Blue continues to profess his fondness for the Manchester-born singer as he recounts the lavish way they go about building songs together, drawing comparisons to how some of the greats did.

“We’re literally sitting in front of a grand piano, I’ll be playing chord progressions and JP will be there with his pen and paper,” he continued. “It’s written in the most organic way.

“That’s the beautiful thing about this kind of songwriting. It’s done in the most classic, organic way with the people who inspire me the most.

“It’s similar to how people like Michael Jackson and Quincy Jones would have done in the very beginning.”

Blue was also brimming with excitement when asked for an answer on what the coming months hold for his Electronic Nature imprint. The peculiarity of its imprint is that things started to fall into place when all the nightclubs and festivals were closed or postponed.

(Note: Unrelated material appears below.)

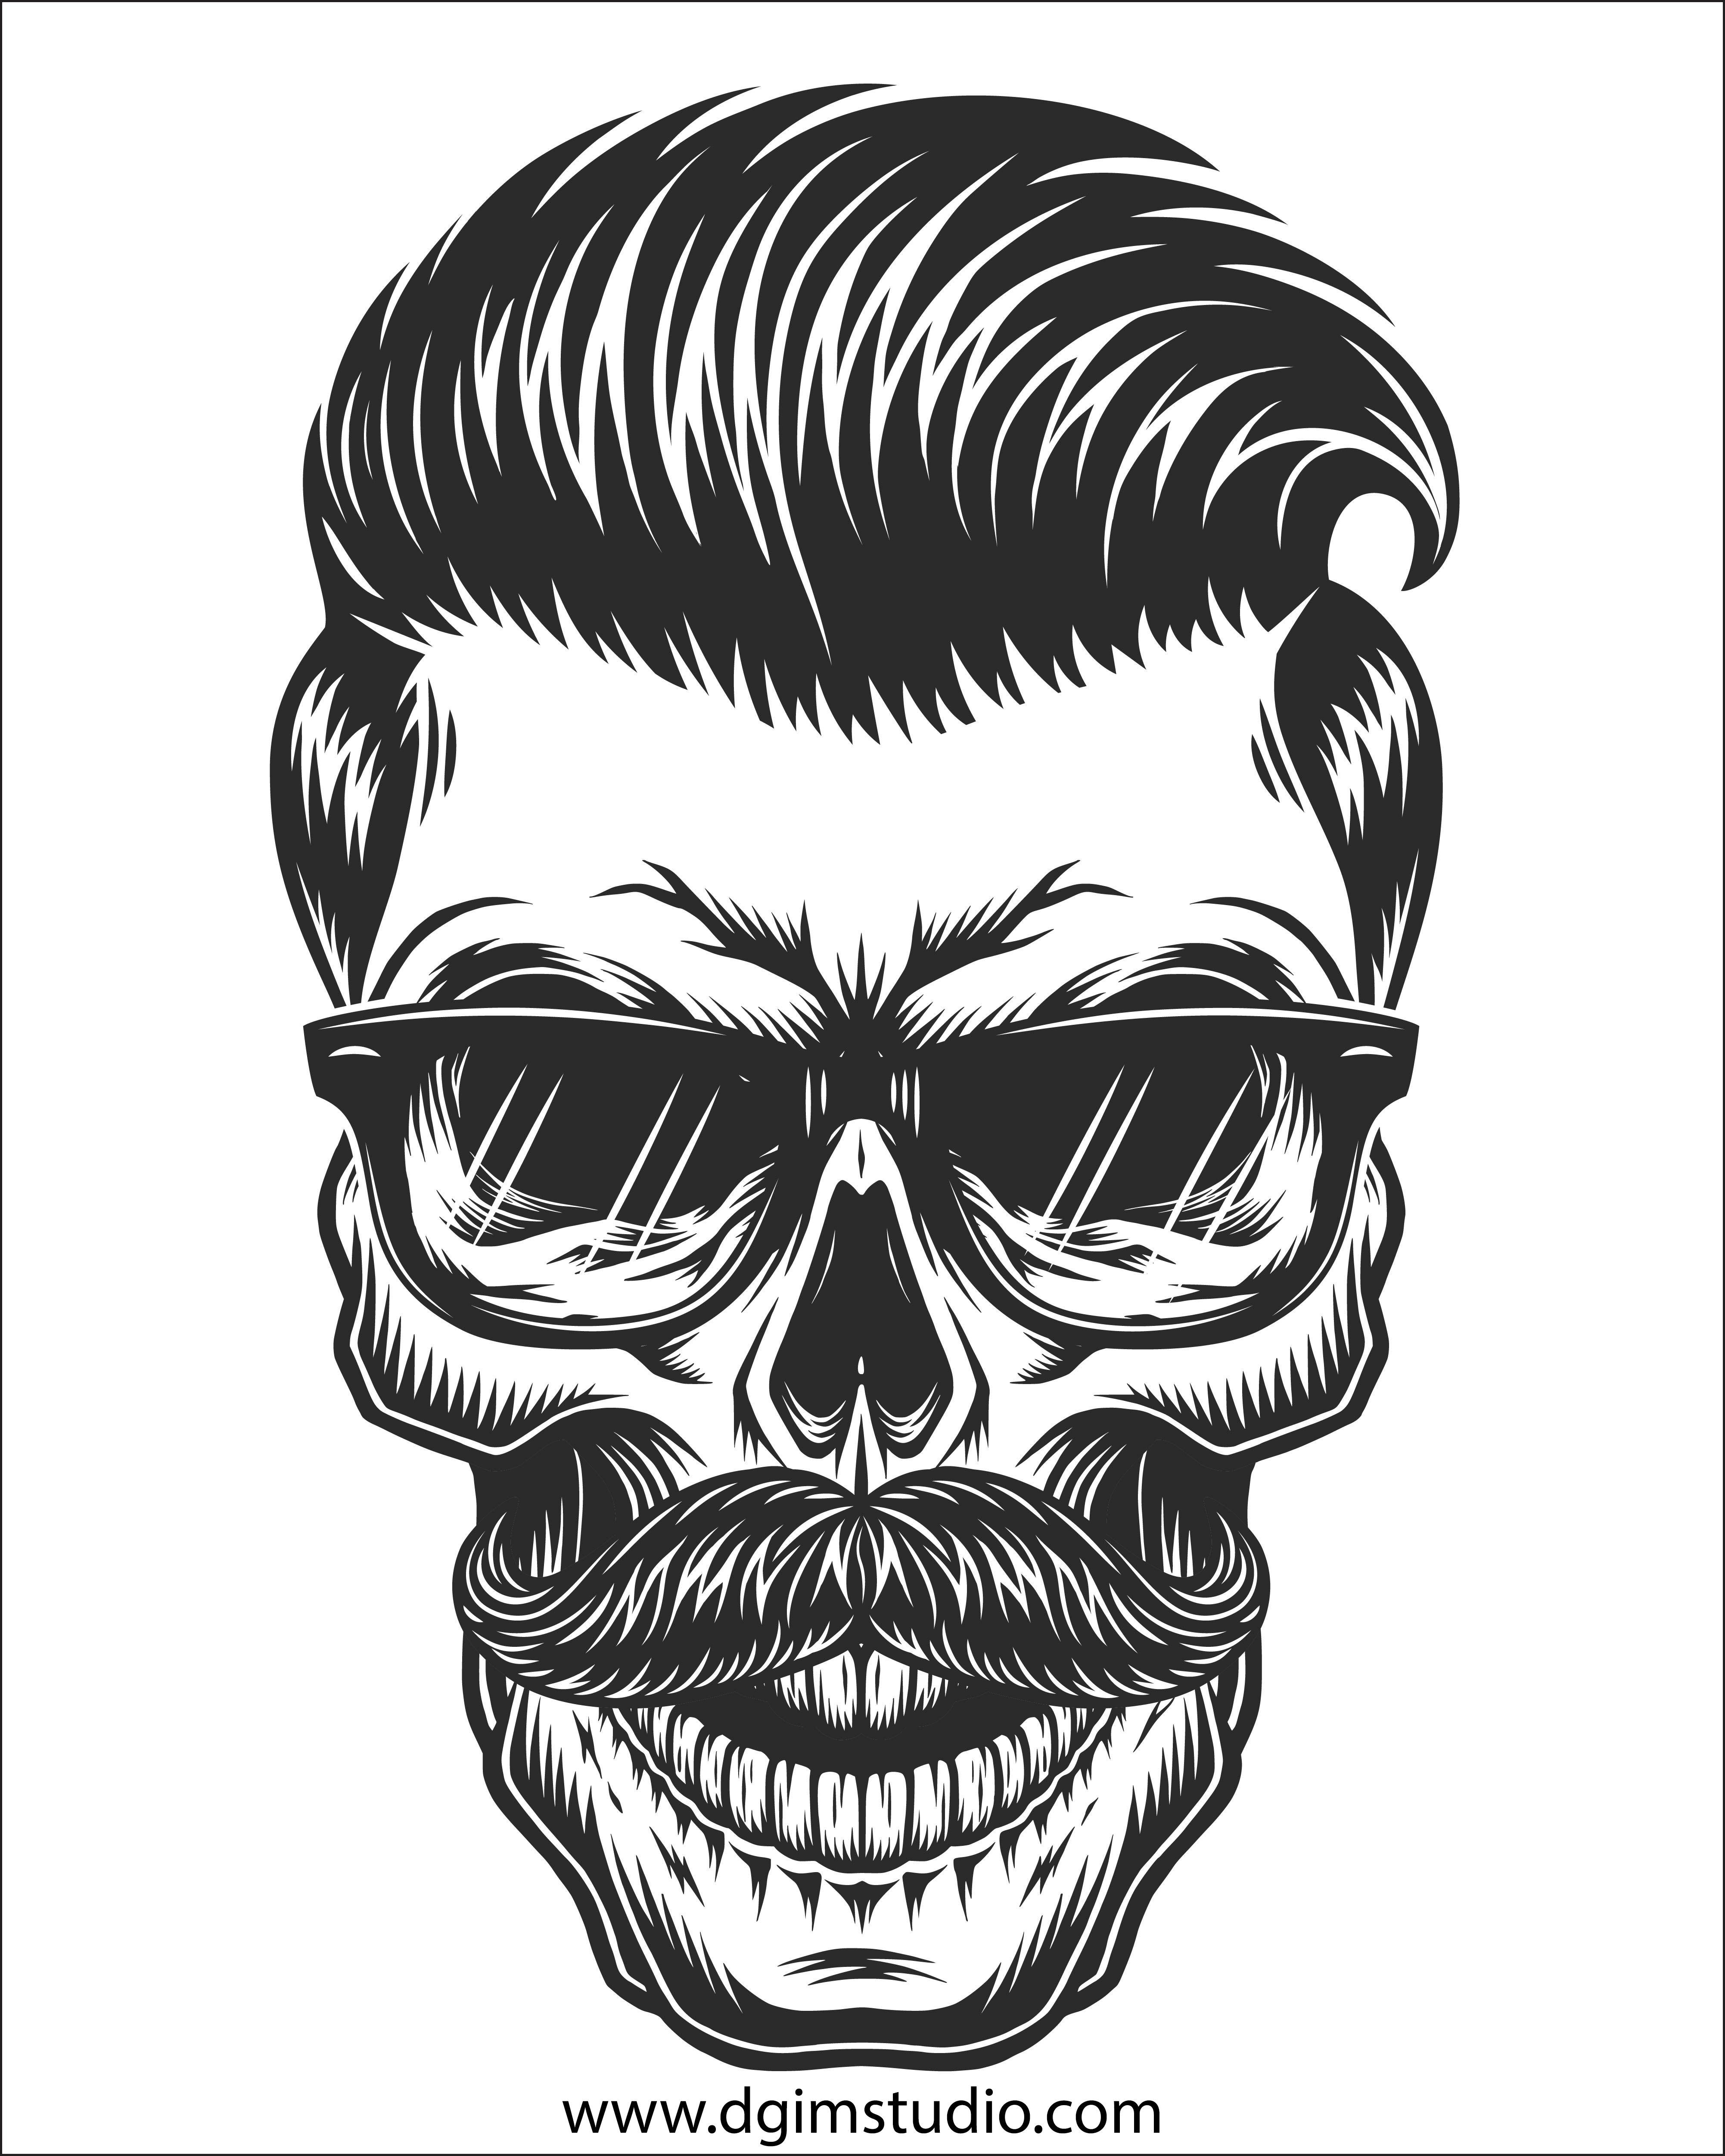 Skull creator รอยสักวินเทจ หัวกะโหลก และ ไอเดียรอยสัก

“It really started to come to life in the middle of the pandemic last year,” he added.

“It will be exciting to look ahead when we host Electronic Nature events and have a team of people that we showcase at a festival.”

The biggest motivation for Blue as a label owner is to be able to give back and nurture artists who are looking for that first big break.

He cited a shining example with his recent single ‘Something Stupid’ and admitted it would be so much easier and safer if you always went with an established artist. Blue confessed that he always preferred to play and give upcoming talent an opportunity.

“On my last single nobody heard of AWA but I was able to put it out there and you take these huge risks,” he commented.

“If you have a massive established artist then maybe your track does different things and performs in different ways, but that goes back to the very beginning when I found people like RAYE and JP Cooper.

“I still strongly believe it’s a good thing to do, so I’m going to keep going.”

This interview also appeared on our partner platform Ticket Arena.